Both solutions require the third party to login (google login). Performance is not an issue. Privacy and the occurrence of security errors and mistakes are.

Using an encrypted zip file to download is an option. This means I have to store the password in the project. Or e-mail a random password?

Update The appengine code I used to create a signed download url

import time
import urllib
from datetime import datetime, timedelta
from google.appengine.api import app_identity
import os
import base64

API_ACCESS_ENDPOINT = 'https://storage.googleapis.com'

# Use the default bucket in the cloud and not the local SDK one from app_identity
default_bucket = '%s.appspot.com' % os.environ['APPLICATION_ID'].split('~', 1)[1]
google_access_id = app_identity.get_service_account_name()

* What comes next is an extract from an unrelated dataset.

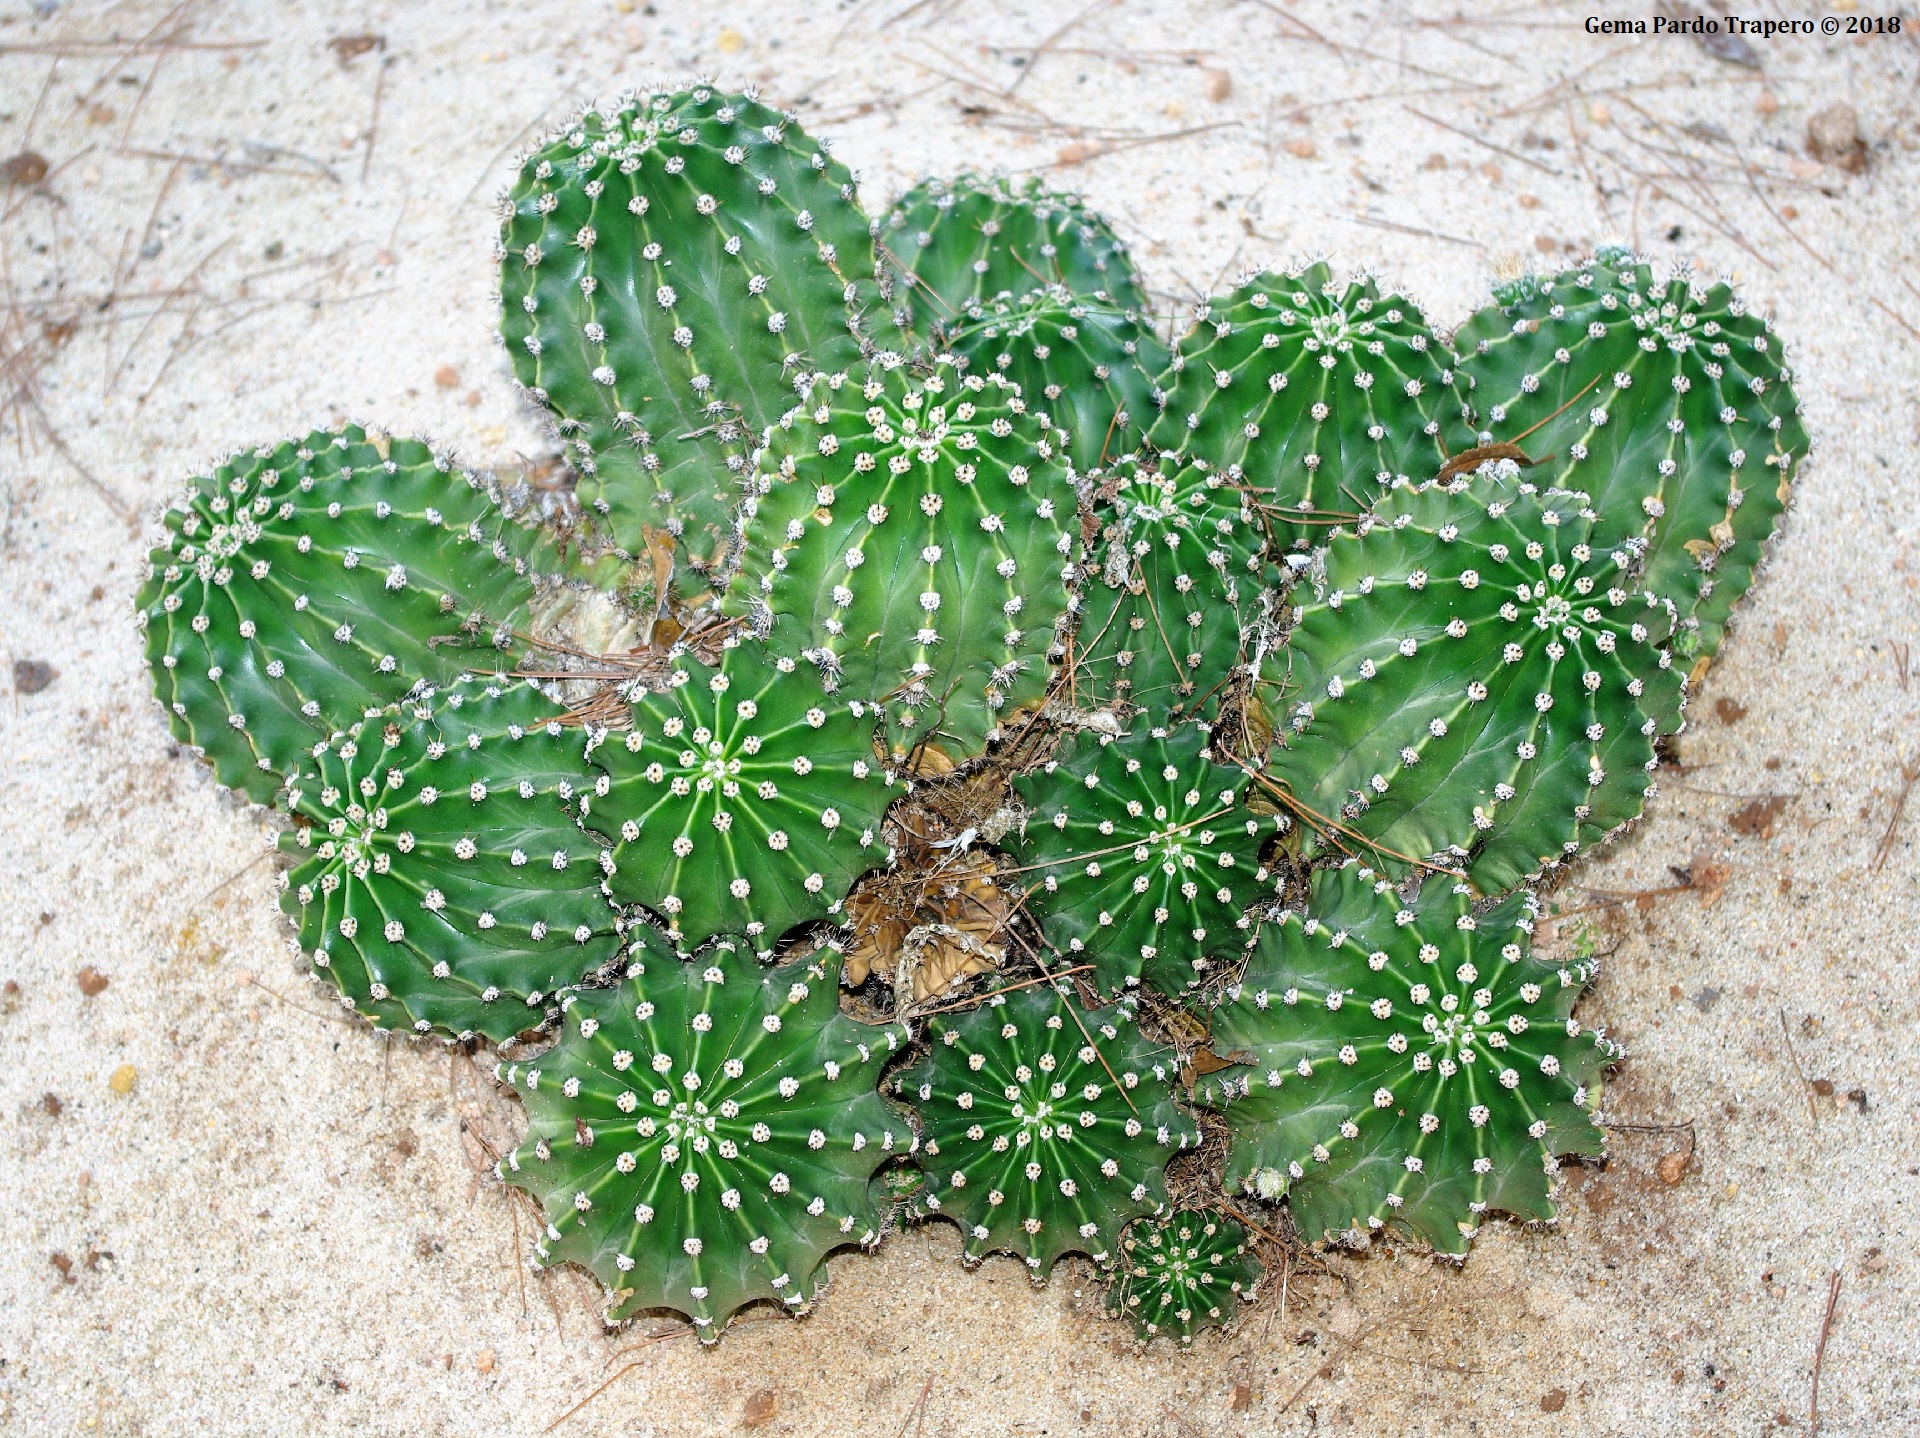 Earth Cactus HD Wallpaper | Background Image

def sign_url(bucket_object, expires_after_seconds=60):
    """ cloudstorage signed url to download cloudstorage object without login
        Docs : https://cloud.google.com/storage/docs/access-control?hl=bg#Signed-URLs
        API : https://cloud.google.com/storage/docs/reference-methods?hl=bg#getobject
    """

    method = 'GET'
    gcs_filename = '/%s/%s' % (default_bucket, bucket_object)
    content_md5, content_type = None, None

    expiration = datetime.utcnow() + timedelta(seconds=expires_after_seconds)
    expiration = int(time.mktime(expiration.timetuple()))

    # Generate the string to sign.
    signature_string = '\n'.join([
        method,
        content_md5 or '',
        content_type or '',
        str(expiration),
        gcs_filename])

    _, signature_bytes = app_identity.sign_blob(signature_string)
    signature = base64.b64encode(signature_bytes)

    # Set the right query parameters.
    query_params = {'GoogleAccessId': google_access_id,
                    'Expires': str(expiration),
                    'Signature': signature}

    # Return the download URL.
    return '{endpoint}{resource}?{querystring}'.format(endpoint=API_ACCESS_ENDPOINT,
                                                       resource=gcs_filename,
                                                       querystring=urllib.urlencode(query_params))

Solution

  • If a small number of users have access to all the files in the bucket, then solution #1 would be sufficient, as managing the ACL would not be too much of a pain.

    However, if you have many different users who each require different access to the different files in the bucket, then solution #1 is impractical.

    I'd avoid solution #2 as well, as you'd be paying for unnecessary incoming/outgoing GAE bandwidth.

    Maybe a third solution to consider, would be to use App Engine handle authentication, and write logic to determine which users have access to which files. Then, when a file is requested for download, you create Signed URLs to download the data direct from GCS. You can set the expiration parameter to a value that works for you, which would invalidate the URL after a set amount of time.